Book Review from the July 1996 issue of the Socialist Standard
What Is Situationism? A Reader edited by Stewart Home (AK Press, 1996, £9.95)
This is an occasionally interesting though somewhat repetitive collection of writings about the strand of revolutionary opinion which emerged out of Lettrist and other avant-garde artistic groups, principally in France in the 1950s. With their radical critique of bourgeois consumer society the situationists influenced to a greater or lesser degree both the May events in France of 198 and then, nearly a decade later, the punk rock movement.
Famously, in 1966, a group of situationist-inspired students at Strasbourg University were elected to positions of responsibility in the moribund Students' Union and immediately set up a Society For The Rehabilitation of Karl Marx. They also published various radical tracts including Khayati's On The Poverty of Student Life using unions funds, for which they attracted public outrage and eventually the attention of the police. At their trial the judge summed up situationist philosophy as well as anyone had hitherto ever done, stating "these cynics do not hesitate to commend theft, the destruction of scholarship, the abolition of work, total subversion, and a world-wide proletarian revolution with 'unlicensed pleasure' as its only goal".

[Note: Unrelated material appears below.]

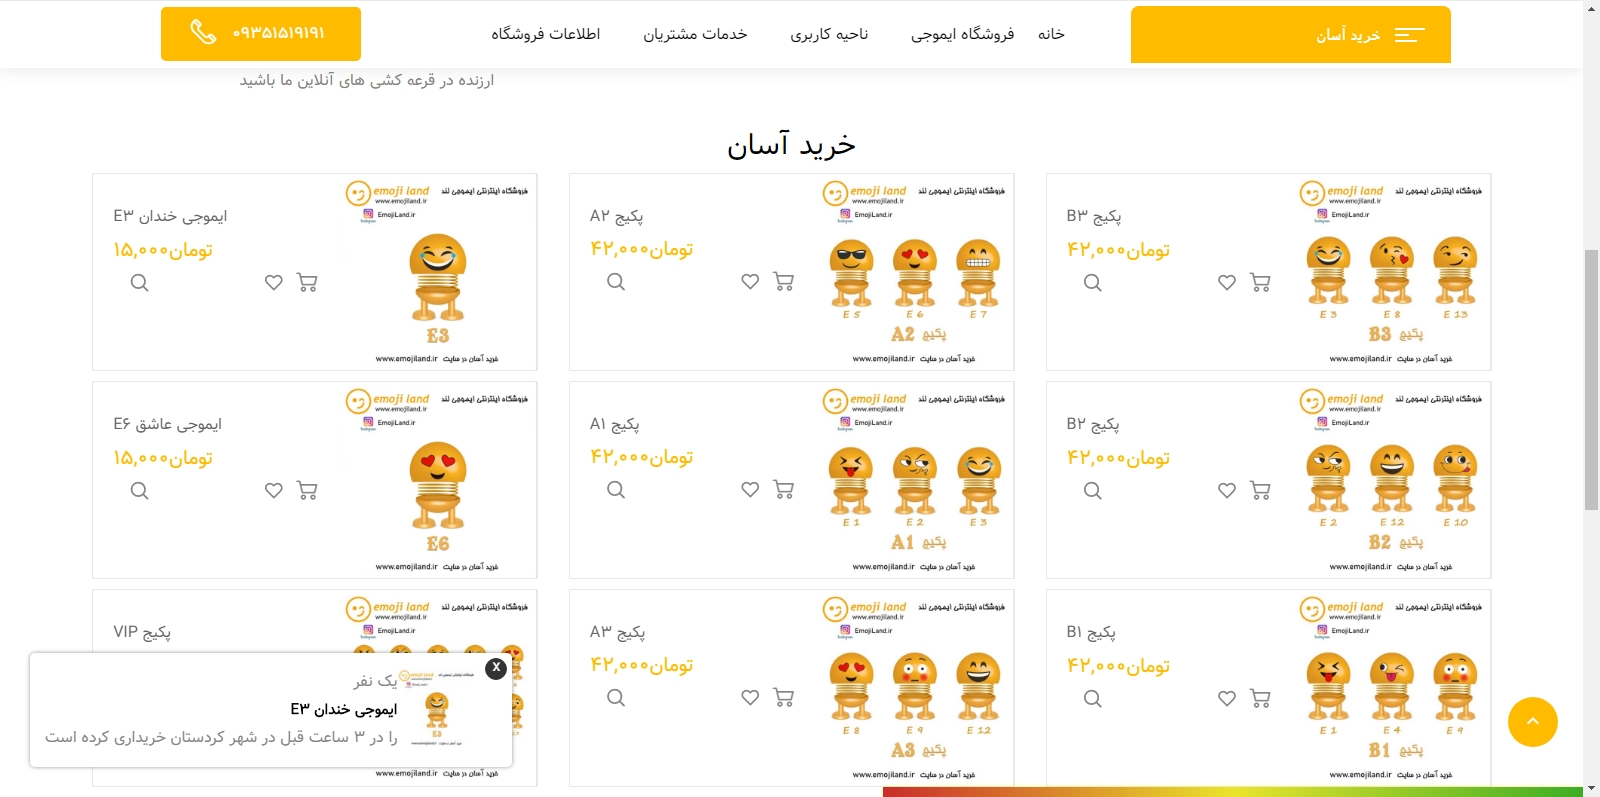 screenshot 20200526 002512 - emojiland.ir
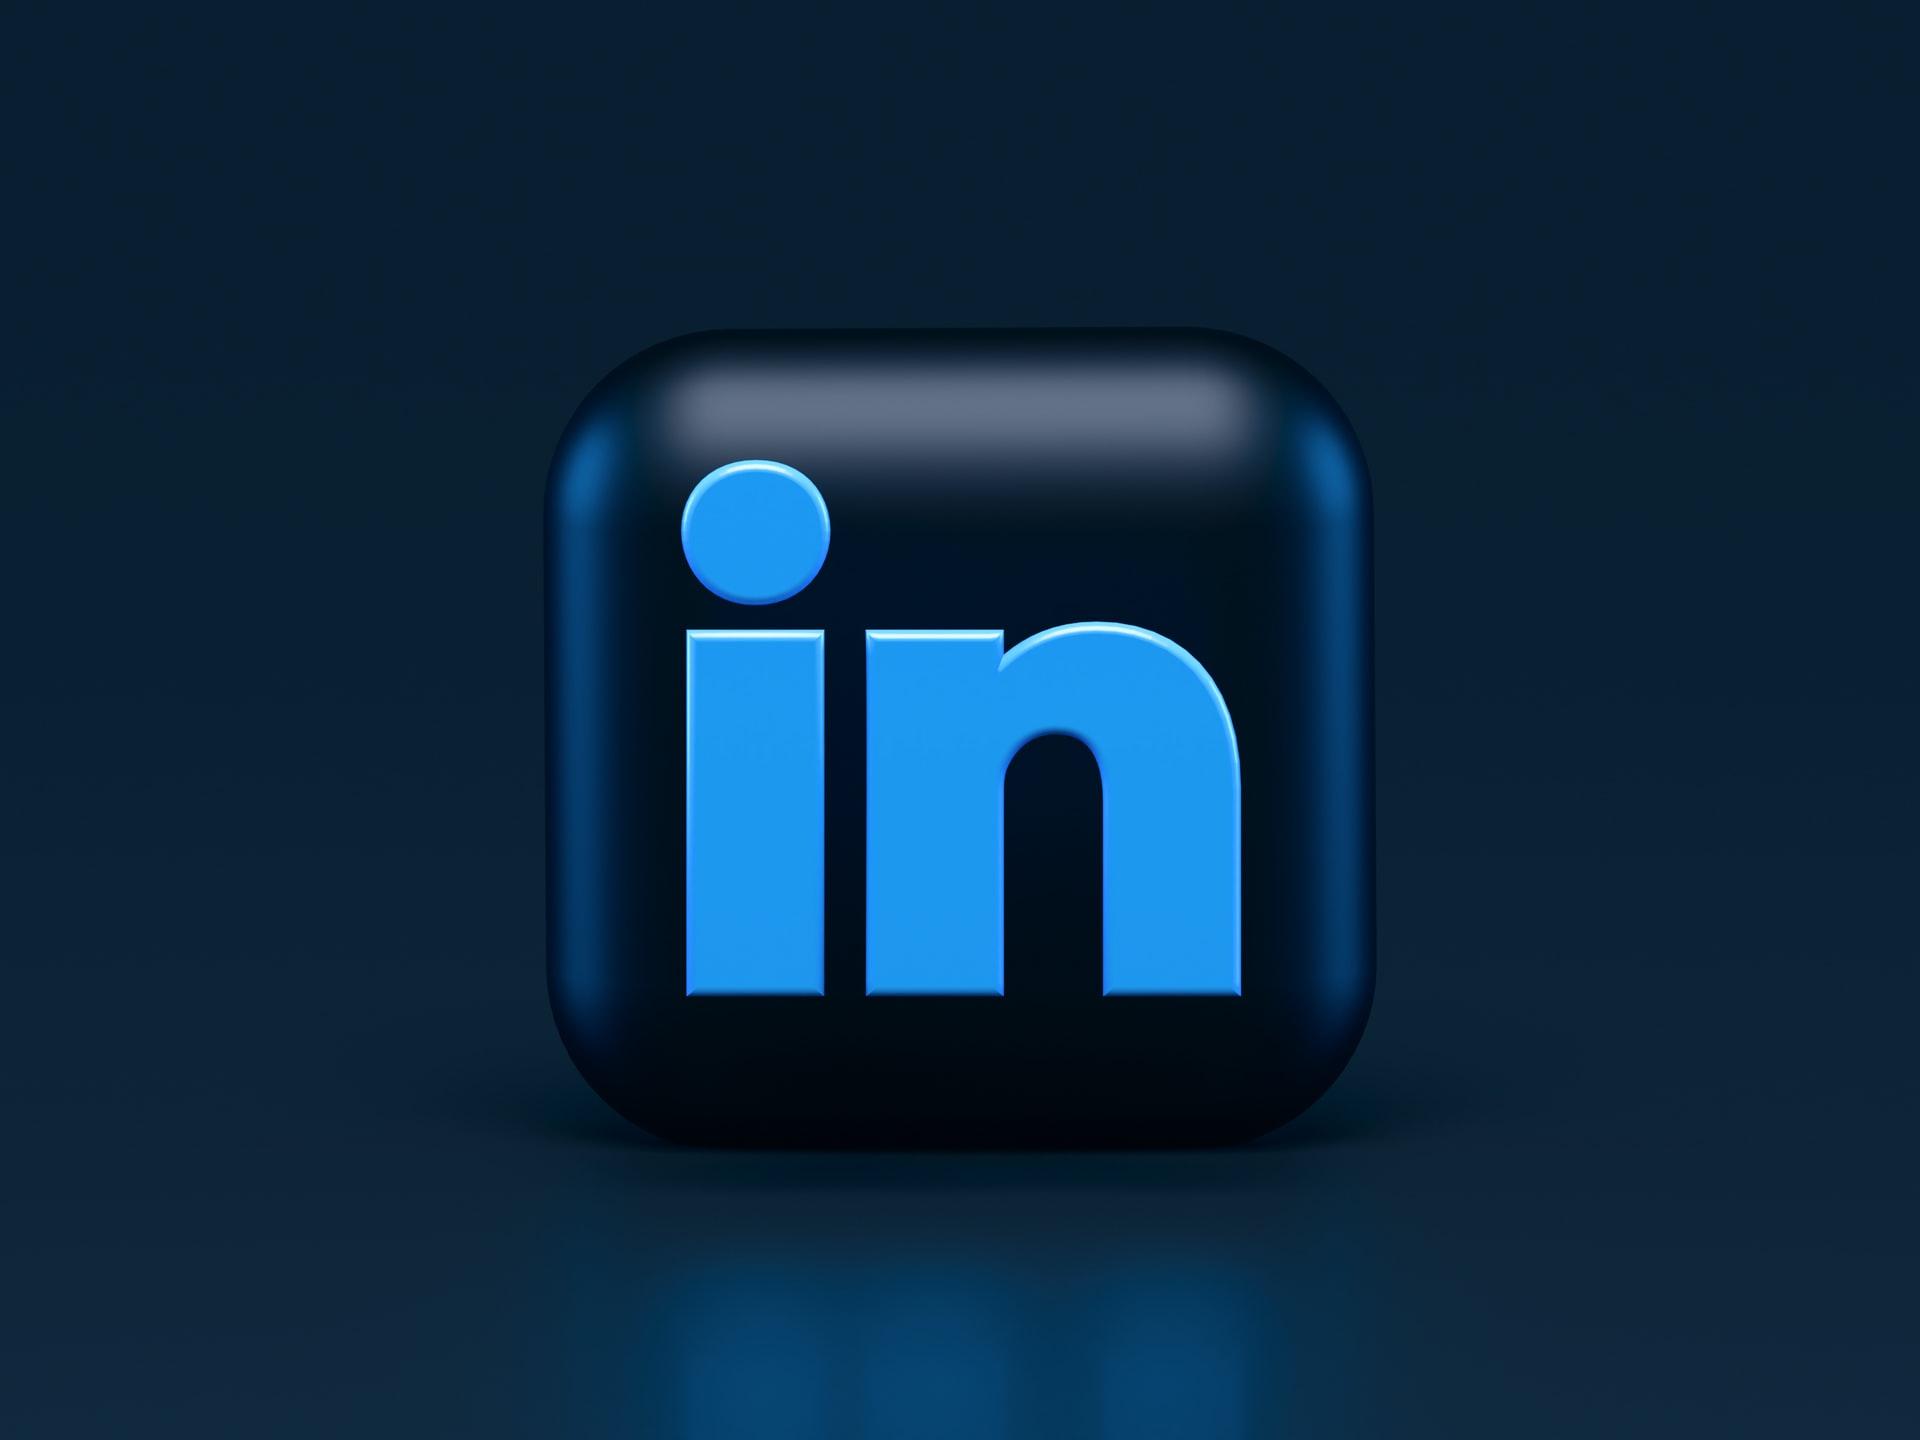 LinkedIn logo with blue background

Though lacking a coherent revolutionary strategy, the situationists stood out clearly against the market economy, commodity production and wage labour, advocating the creation of a socialist society of common ownership where production would be undertaken solely to satisfy needs and desires. This book doesn't explore this concept as well as it might do, however, and nothing is as well-rounded as Mark Shipway's presentation of the subject in the book Non-Market Socialism edited by Rubel and Crump. Probably the best chapter in this collection of writings is "The End of Music" by Dave and Stuart Wise, dealing with Malcolm McLaren's Sex Pistols, the rise and fall of punk rock and its relationship with situationist politics—the other writings range from the quirky (Jim Martin on Wilhelm Reich and situationism) to the near pretentious (Jean Barrot's text being the most obvious example). This said, there are far worse books around that you could add to a collection on radical politics.